Bill Bailey remained in my possession for nearly two years. During that time he covered three thousand miles, consumed more petrol and oil than I should have thought possible, ran through two sets of tyres, and cost a sum of money in repairs which would have purchased a small steam yacht.

There were moments when I loved him like a brother; others, more frequent, when he was an offence to my vision. The Gruffin, on the other hand, having fallen in love with him on sight, worshipped him with increasing ardour and true feminine perversity the dingier and more repulsive he grew.

Not that we had not our great days. Once we overtook and inadvertently ran over a hen—an achievement which, while it revolted my humanitarian instincts and filled the radiator with feathers, struck me as dirt cheap at half a crown. Again, there was the occasion upon which we were caught in a police-trap.

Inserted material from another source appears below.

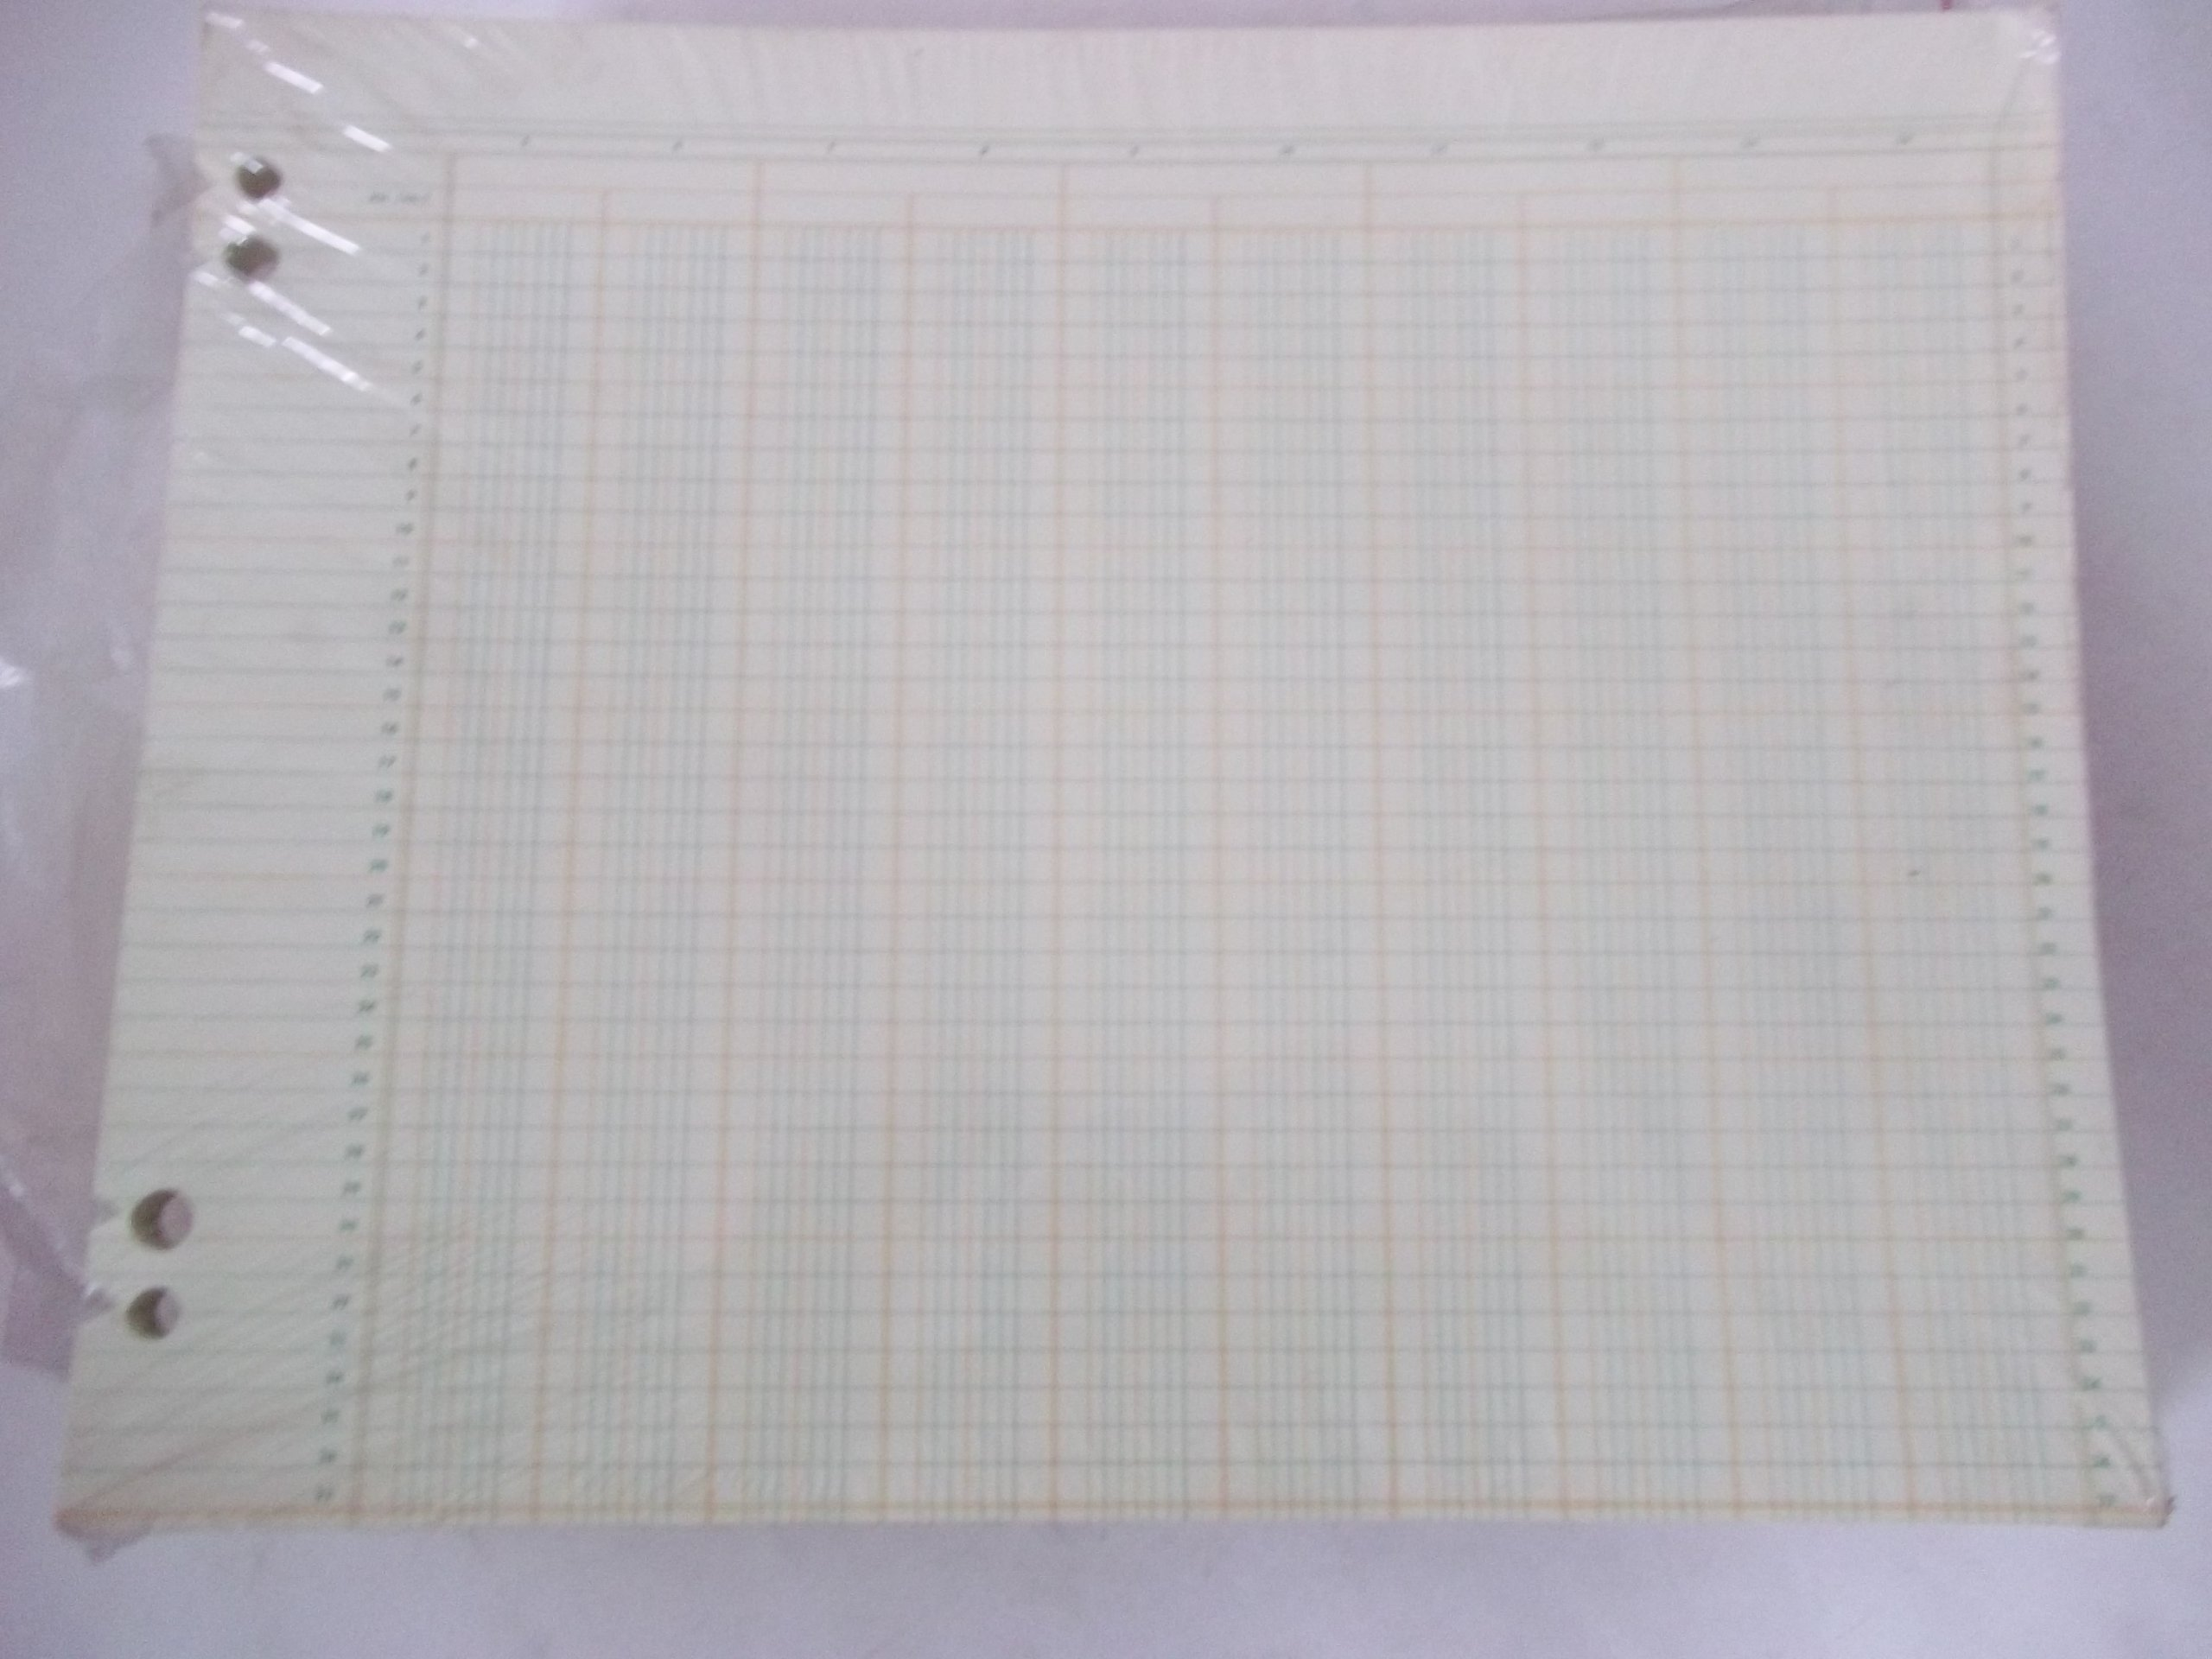 National Columnar Sheet RR 144-7 14 Columns 37 Line 11'' x 14'' Sold in Bulk Packages of 20 Sheets

Never had I felt so proud of Bill Bailey as when I stood in the dock listening to a policeman’s Homeric description of our flight, over a measured quarter of a mile. At the end of the recital, despite my certain knowledge that Bill’s limit was about twenty-three miles an hour, I felt that I must in common fairness enter him at Brooklands next season. The Gruffin, who came to see me through, afterwards assured her mother that I thanked the Magistrate who fined me and handed my accusing angel five shillings.

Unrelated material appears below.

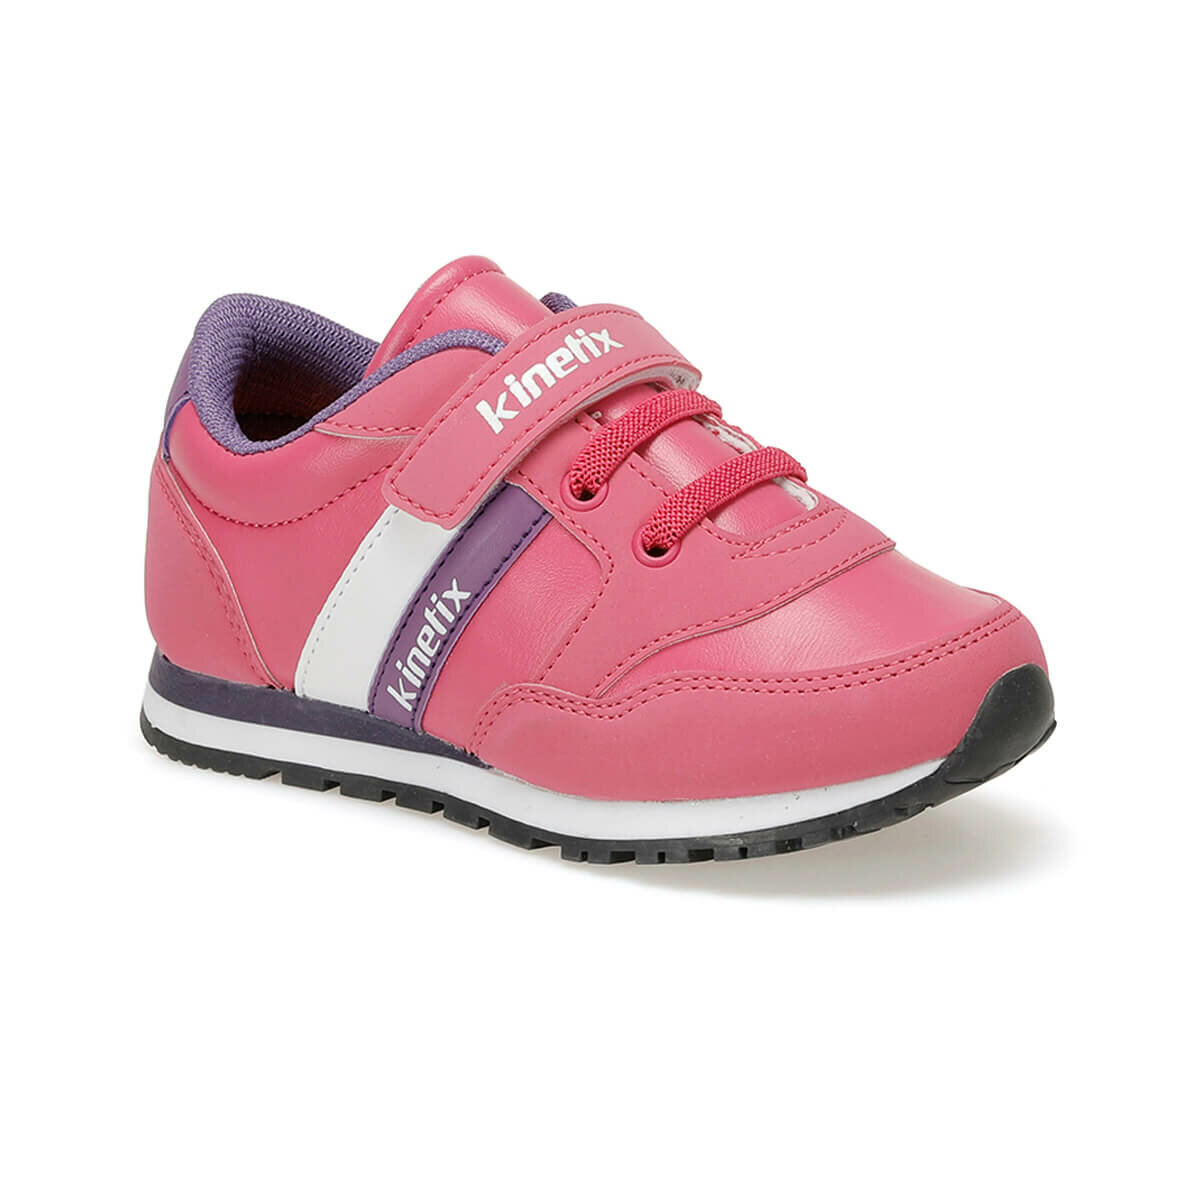 FLO PAYOF PU 9PR Fuchsia Female Child Sneaker Shoes KINETIX

But there was another side to the canvas. Many were the excursions upon which we embarked, only to tramp home in the rain at the end of the day, leaving word at Mr. Gootch’s to send out and tow Bill Bailey home. Many a time, too, have Bill and I formed the nucleus of an interested crowd in a village street, Bill inert and unresponsive, while I, perspiring vigorously and studiously ignoring inquiries as to whether I could play “The Merry Widow Waltz,” desolately turned the starting-handle, to evoke nothing more than an inferior hurdy-gurdy melody syncopated by explosions at irregular intervals. Once, too, when in a fit of overweening presumption I essayed to drive across London, we broke down finally and completely exactly opposite “The Angel” at Islington, where Bill Bailey, with his back wheels locked fast in some new and incomprehensible manner,—another vagary of the differential, I suppose,—despite the urgent appeals of seven policemen, innumerable errand-boys, and the drivers, conductors, and passengers of an increasing line of London County Council electric tramcars, stood his ground in the fairway for nearly a quarter of an hour. Finally, he was lifted up and carried bodily, by a self-appointed Committee of Public Safety, to the side of the road, to be conveyed home in a trolley.

But all flesh is as grass. Bill Bailey’s days drew to an end. The French-grey in his complexion was becoming indistinguishable from the red; his joints rattled like dry bones; his fanfare horn was growing asthmatic. Old age was upon him, and I, with the ingratitude of man to the faithful servant who has outlived his period of usefulness, sold him to Mr. Gootch for fifteen sovereigns and a small lady’s bicycle.

Only The Gruffin mourned his passing. She said little, but accepted the bicycle (which I had purchased for her consolation) with becoming meekness.

At ten o’clock on the night before Bill Bailey’s departure—he was to be sent for early in the morning—the nurse announced with some concern that Miss Alethea (The Gruffin) was not in her bed. She was ultimately discovered in the coach-house, attired in a pink dressing-gown and bath slippers. She was kneeling with her arms round as much of Bill Bailey as they could encompass; her long hair flowed and rippled over his scratched and dinted bonnet; and she was crying as if her very heart would break.

IV
“BILL BAILEY” COMES AGAIN

A year later I bought a new car. It possessed four cylinders and an innumerable quantity of claims to perfection. The engine would start at the pressure of a button; the foot-brake and accelerator never became involved in an unholy alliance; it could climb any hill; and outlying portions of its anatomy adhered faithfully to the parent body. Pedestrians and domestic animals no longer took refuge in ditches at our approach. On the contrary, we charmed them like Orpheus with his lute; for the sound of our engine never rose above a sleek and comfortable purr, while the note of the horn suggested the first three bars of “Onward, Christian Soldiers!”

My wife christened the new arrival The Greyhound, but The Gruffin, faithful to the memory of the late lamented Bill Bailey, never referred to it as anything but The Egg-Boiler. This scornful denotation found some justification in the car’s ornate nickel-plated radiator, whose curving sides and domed top made up a far-away resemblance to the heavily patented and highly explosive contrivance which daily terrorised our breakfast-table.